▸ **What needs to be done**: Skip pictures in the listing below; copy exactly the lines from the one with "Moulins sur Cephons" through the one with "Gemini Emblem - Transparent", inclusive.

▸ **Input for this task**:
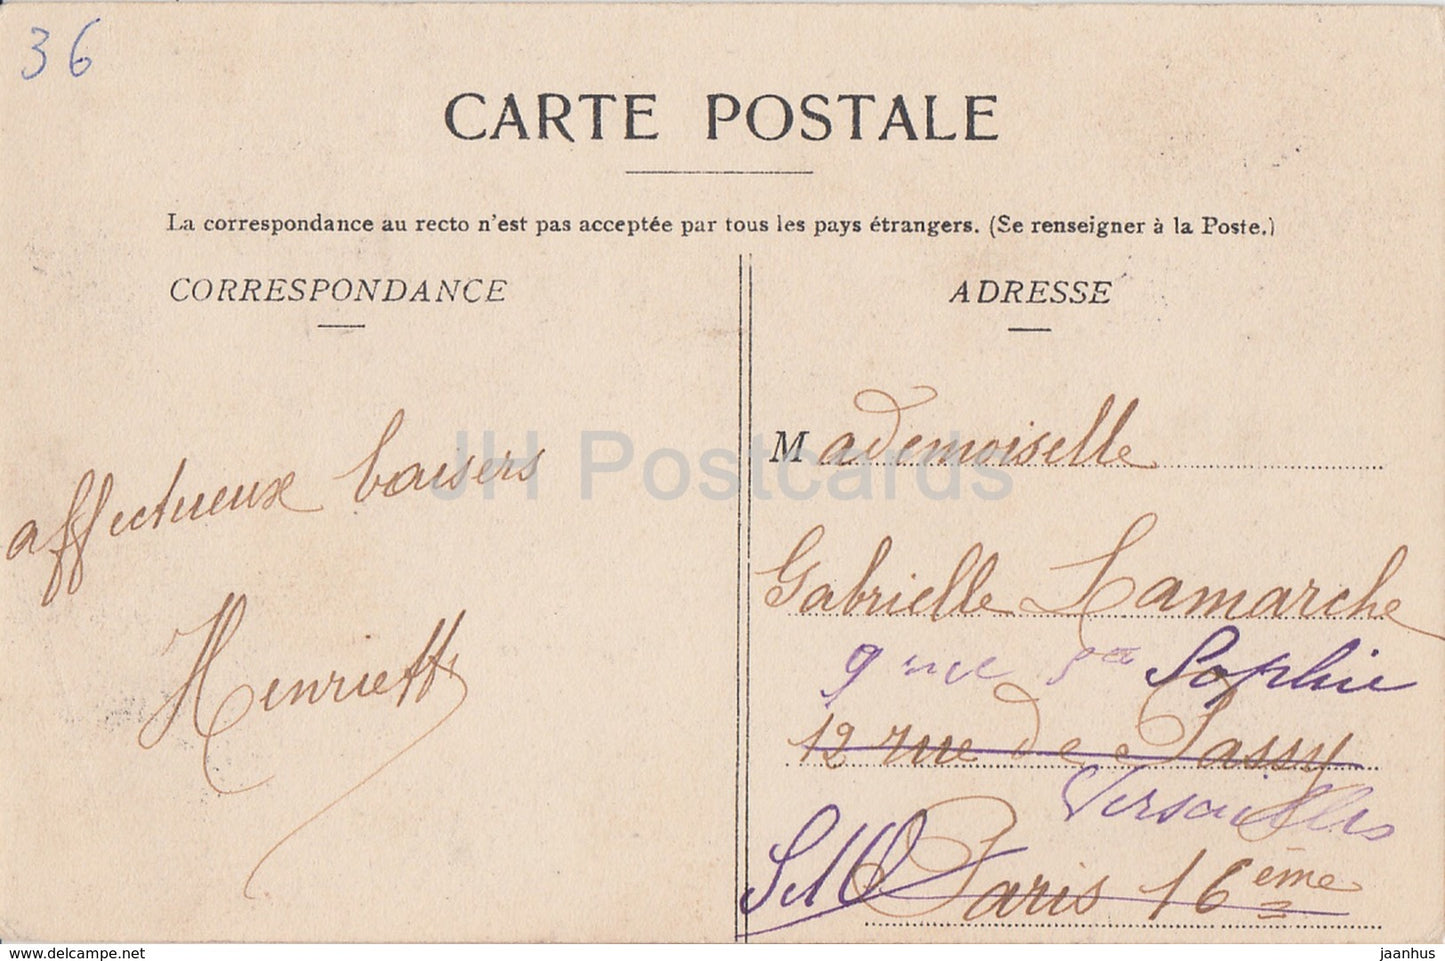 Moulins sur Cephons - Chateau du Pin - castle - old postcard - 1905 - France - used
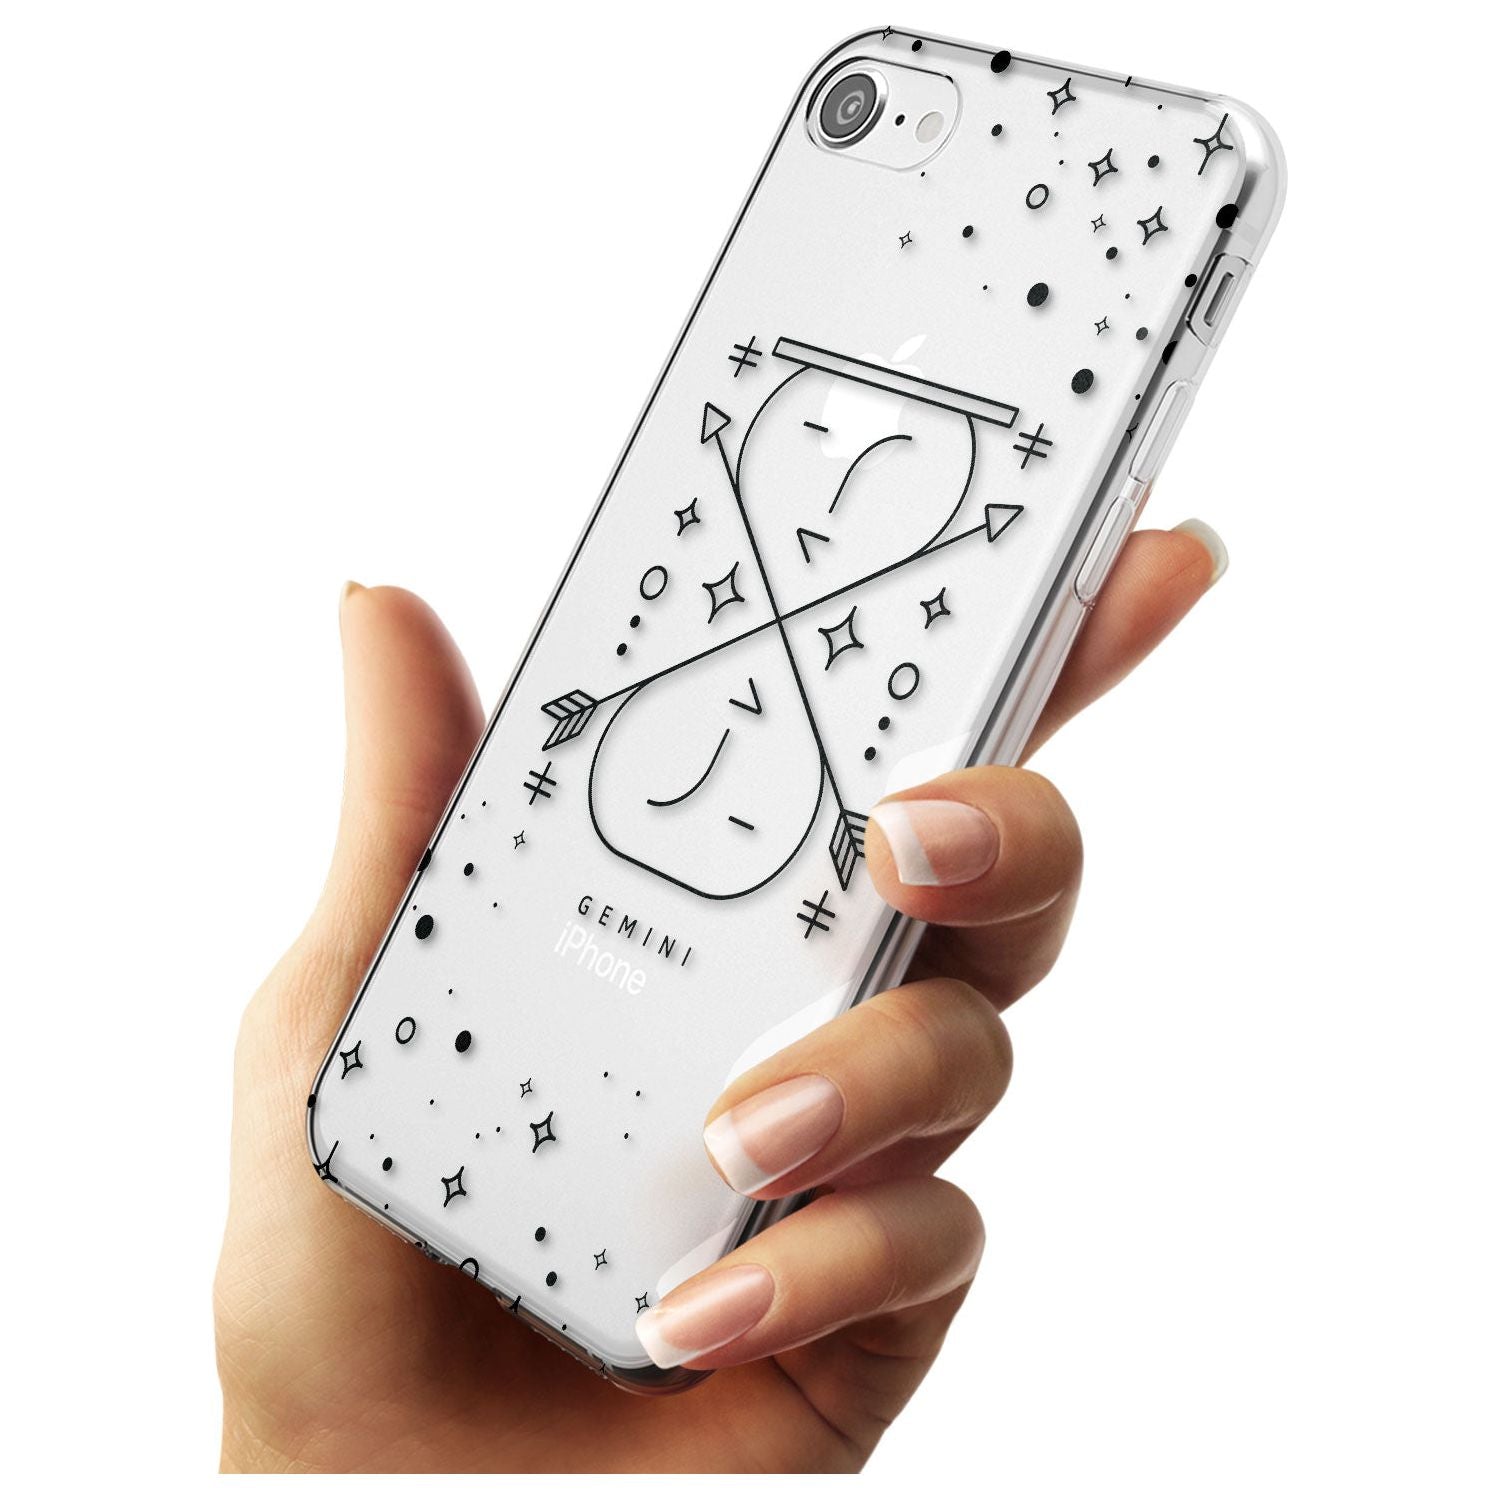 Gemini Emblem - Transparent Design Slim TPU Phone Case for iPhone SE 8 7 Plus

---

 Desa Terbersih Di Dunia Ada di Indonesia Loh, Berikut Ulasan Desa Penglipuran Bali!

▸ **Expected output**:
 Moulins sur Cephons - Chateau du Pin - castle - old postcard - 1905 - France - used
 Gemini Emblem - Transparent Design Slim TPU Phone Case for iPhone SE 8 7 Plus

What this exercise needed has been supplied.